Multi-agent security requires per-agent identity, per-agent permissions, and per-agent evaluation, plus controls for the interactions between agents: message bus security, epistemic integrity, kill switch architecture. Same principles as the single-agent pattern, extended to the space between models.
→ MASO Framework · controls across 10 domains, 3 implementation tiers, full OWASP dual coverage.
When Layers Fail: PACE Resilience¶
Every control has a defined failure mode. Detection catches most of them, but not all. The PACE methodology ensures that when a layer degrades, and it will, the system transitions to a predetermined safe state rather than failing silently.

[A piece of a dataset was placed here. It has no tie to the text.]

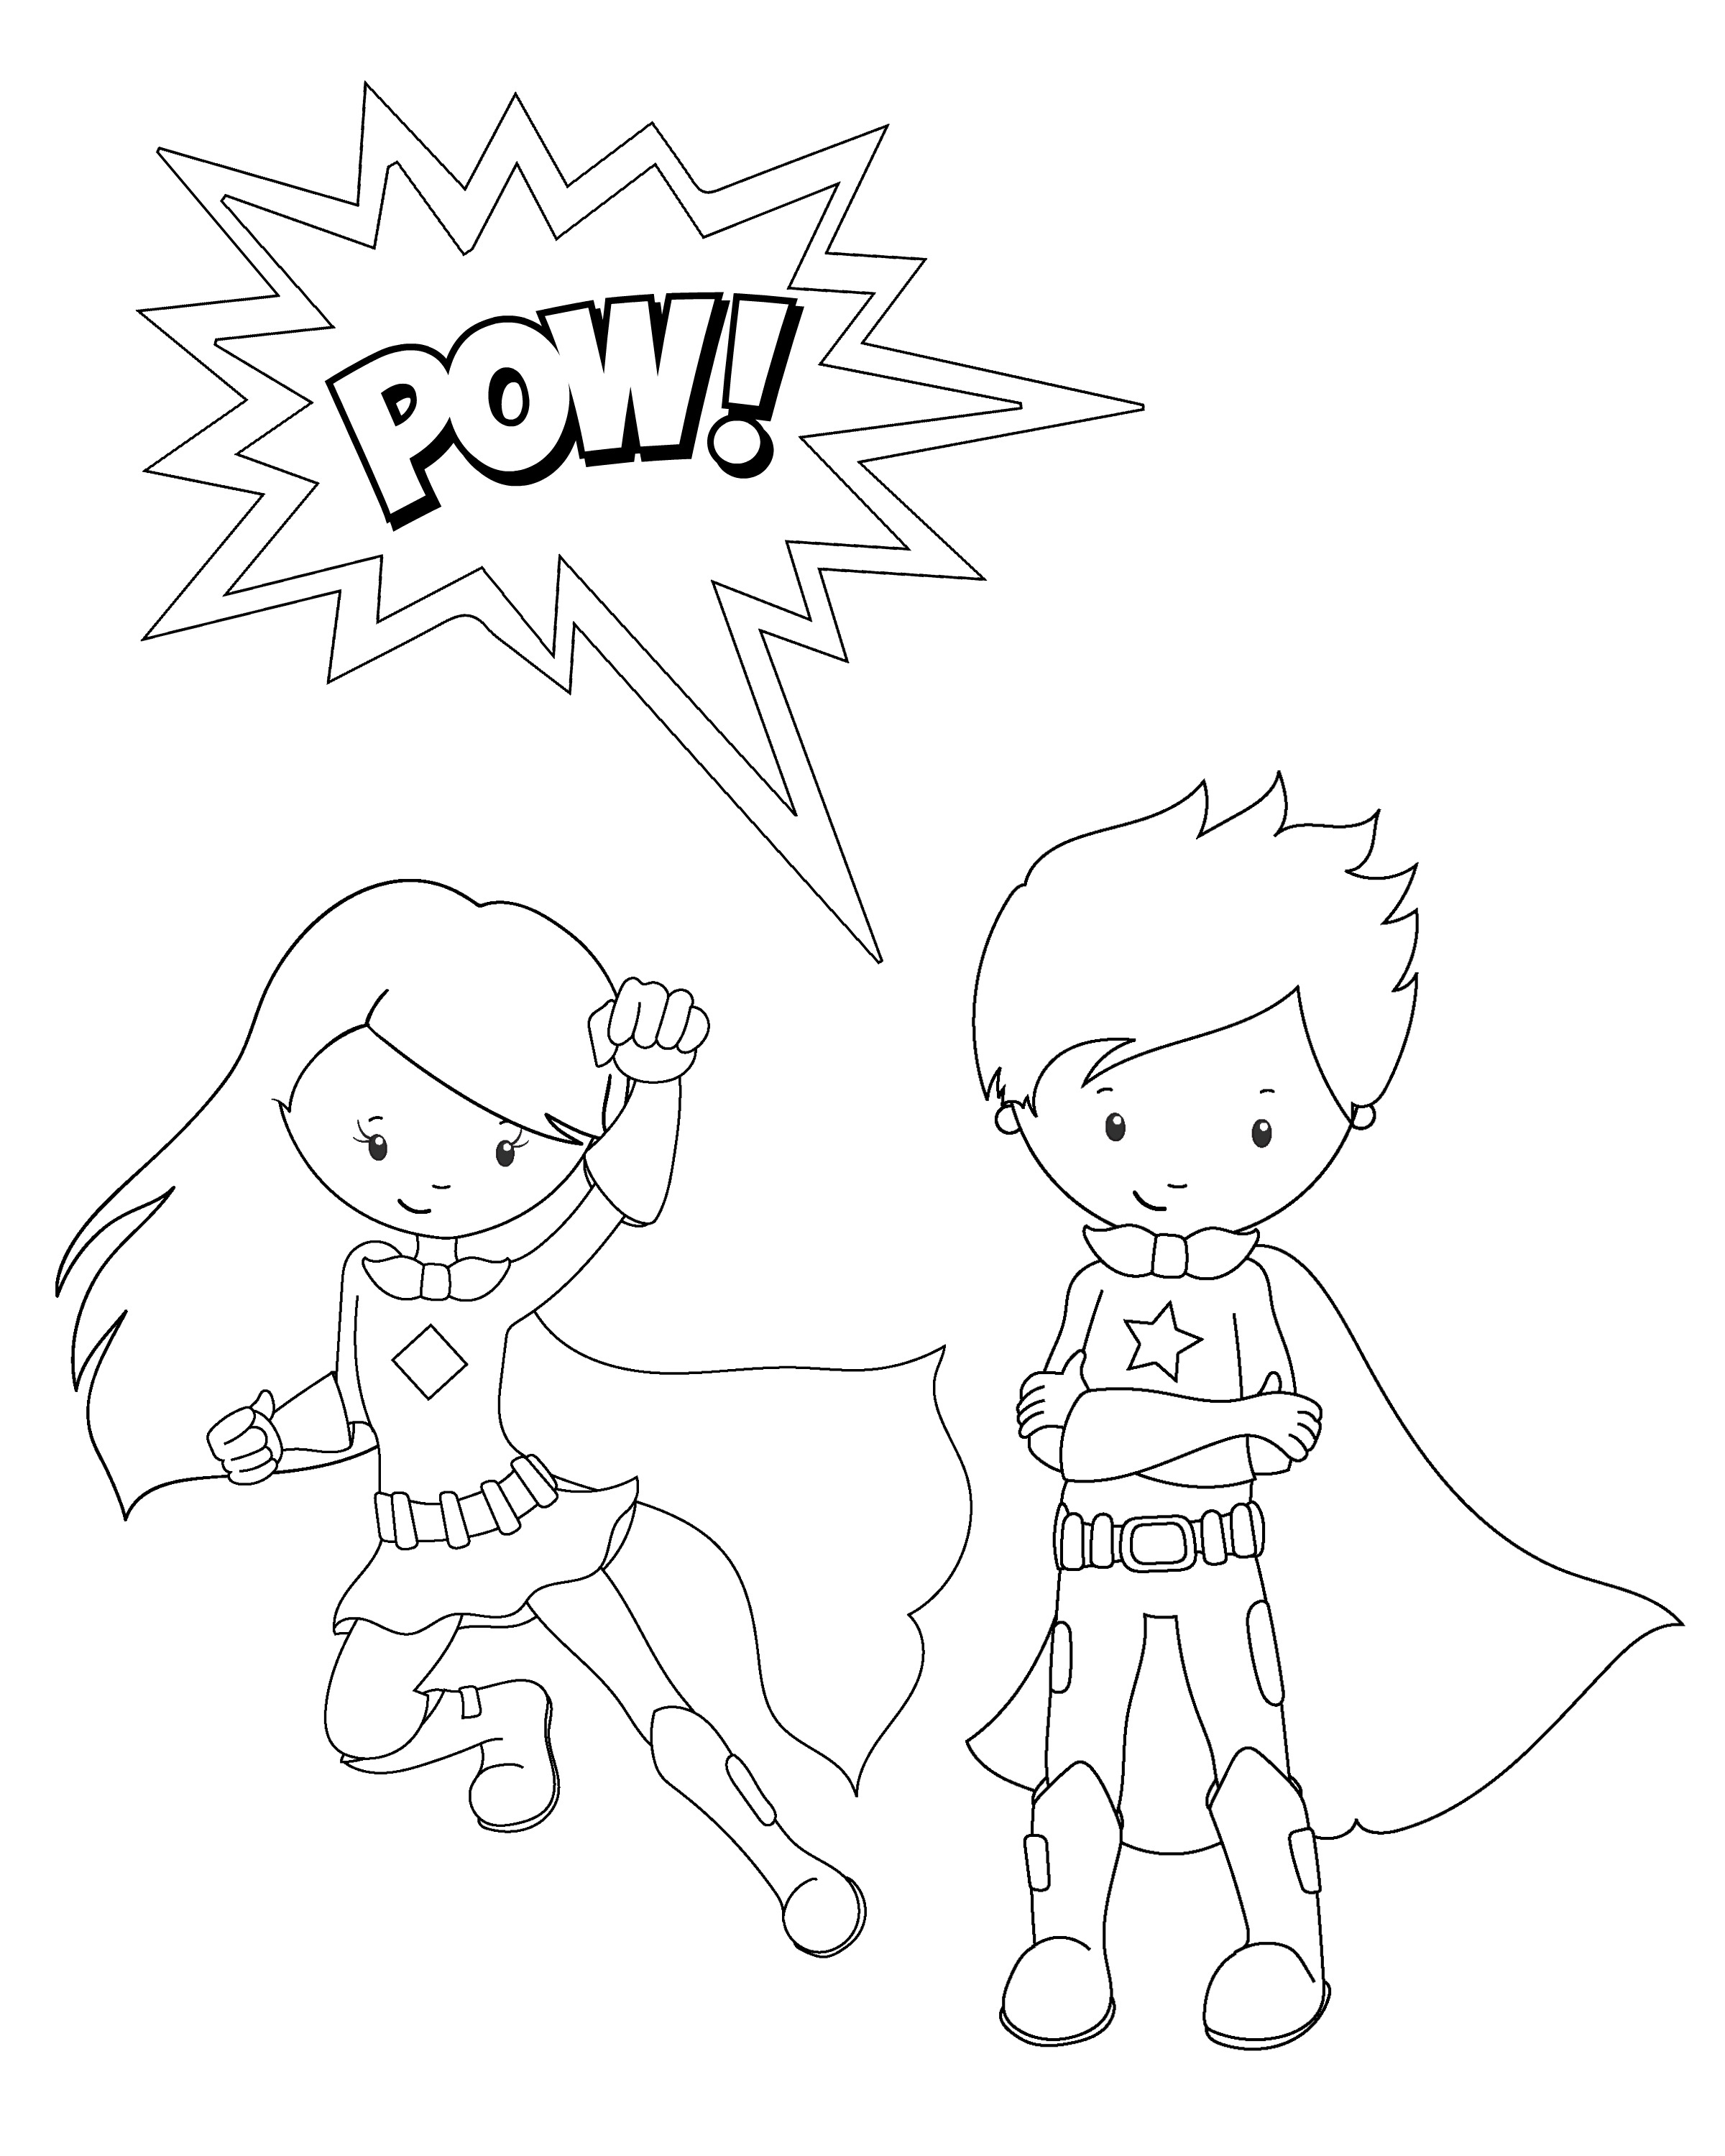 Free Printable Superhero Coloring Sheets For Kids Crazy Little Projects

| State | What's happening |
|---|---|
| Primary | All layers operational. Normal production. |
| Alternate | One layer degraded. Backup active. Scope tightened. |
| Contingency | Multiple layers degraded. Supervised-only mode. Human approves every action. |
| Emergency | Confirmed compromise. Circuit breaker fired. AI stopped. Non-AI fallback active. |
Even at the lowest risk tier, there is a fallback plan. At the highest, there is a structured degradation path from full autonomy to full stop. The architecture does not assume the layers are perfect; it assumes they will each fail at some point, and designs for that.